Dalam hitungan detik setelah Baron mengucapkan kata-kata tentang iblis-iblis berpangkat tinggi itu, semua iblis menerjang ke arah Ren. Bagi mereka yang menyaksikan dari menara dan di ruang kendali, tampak seperti pembantaian akan segera terjadi.
Namun, tanpa mereka sadari, wajah Ren tetap tenang. Menghadapi iblis yang datang, wajahnya tetap dingin dan tanpa ekspresi.
Bahkan, sesuatu yang membuat mereka terdiam tiba-tiba terjadi.
Dengan tatapan mata tertuju pada iblis peringkat Baron, pupil mata Ren perlahan berubah menjadi abu-abu dan medan perang membeku.
Semua iblis yang menerjang ke arahnya berhenti, seolah-olah mereka membeku dalam waktu.

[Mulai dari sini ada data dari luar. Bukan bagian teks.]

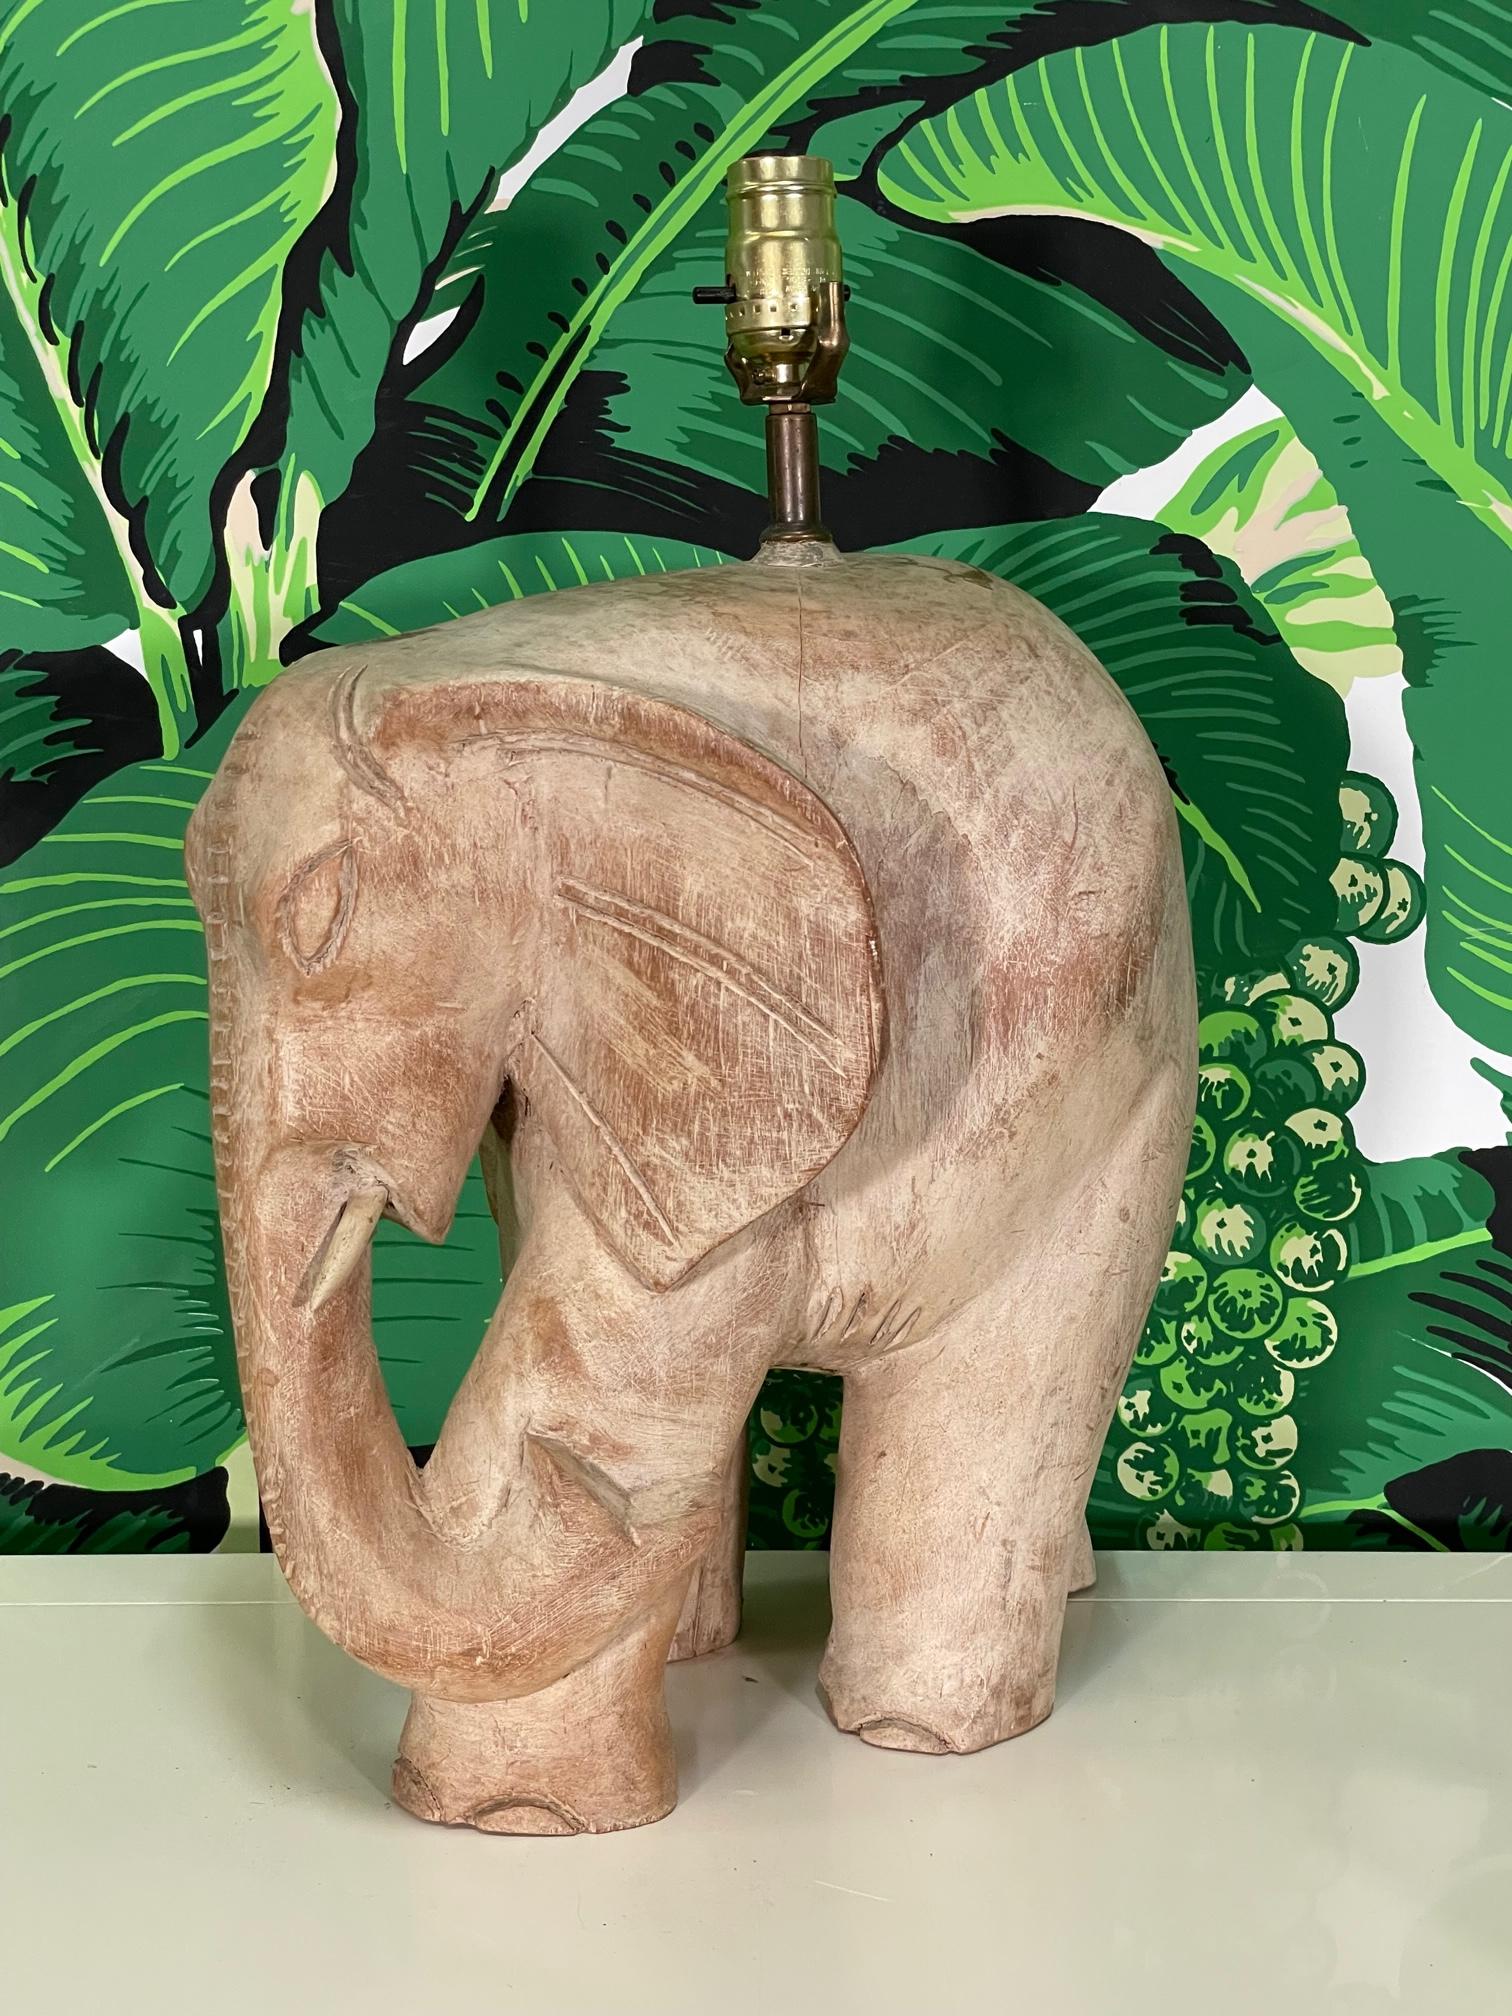 Grande lampe de table en bois sculpté à la main représentant un éléphant d'Afrique. Bon état avec de légères imperfections dues à l'âge, quelques fissures mais pas de problème structurel. 
Pour un devis d'expédition vers votre code postal exact,

Mata abu-abunya yang pucat membuat semua iblis yang hadir berlutut dan menyembahnya.
“Bergerak.”
Suaranya yang dingin menggema, menembus telinga setiap iblis yang hadir, membuat mereka merinding.
Hampir secara naluriah, semua iblis menyingkir ke samping, menciptakan jalan kecil menuju iblis peringkat Baron.
SHIIIING—!
Menghunus pedangnya dari sarung, Ren bahkan tidak repot-repot melihat iblis-iblis di sampingnya dan dengan tenang berjalan menuju iblis di kejauhan yang kesulitan mengalihkan pandangannya darinya.
Langkah. Langkah. Langkah.
Setiap langkah yang diambilnya menggemakan detak jantung liar para iblis yang hadir.
“Huek!”
Sambil menatap Ren yang perlahan bergerak ke arahnya, iblis berpangkat baron itu mundur selangkah.
Meskipun tidak sepenuhnya tak berdaya seperti iblis-iblis lain yang hampir tidak bisa bergerak, namun iblis itu terluka dan kondisi mentalnya lemah.
Pengaruh dari hal itu telah meresap ke dalam pikirannya yang melemah, mengakibatkan hilangnya kemauan iblis untuk bertarung untuk sementara waktu.
Tak lama kemudian Ren berhenti di depan iblis itu. Sambil mengangkat pedangnya, dia bergumam.
“Cukup untuk hari ini.”
SHUA!
Ren menebas dan sebuah kepala terlepas.
Menyembur-!
Setelah itu, Ren memasukkan tangannya ke dalam tubuh iblis dan mengeluarkan inti hitam dari tubuh iblis tersebut.
Begitu saja, gelombang pertama berakhir.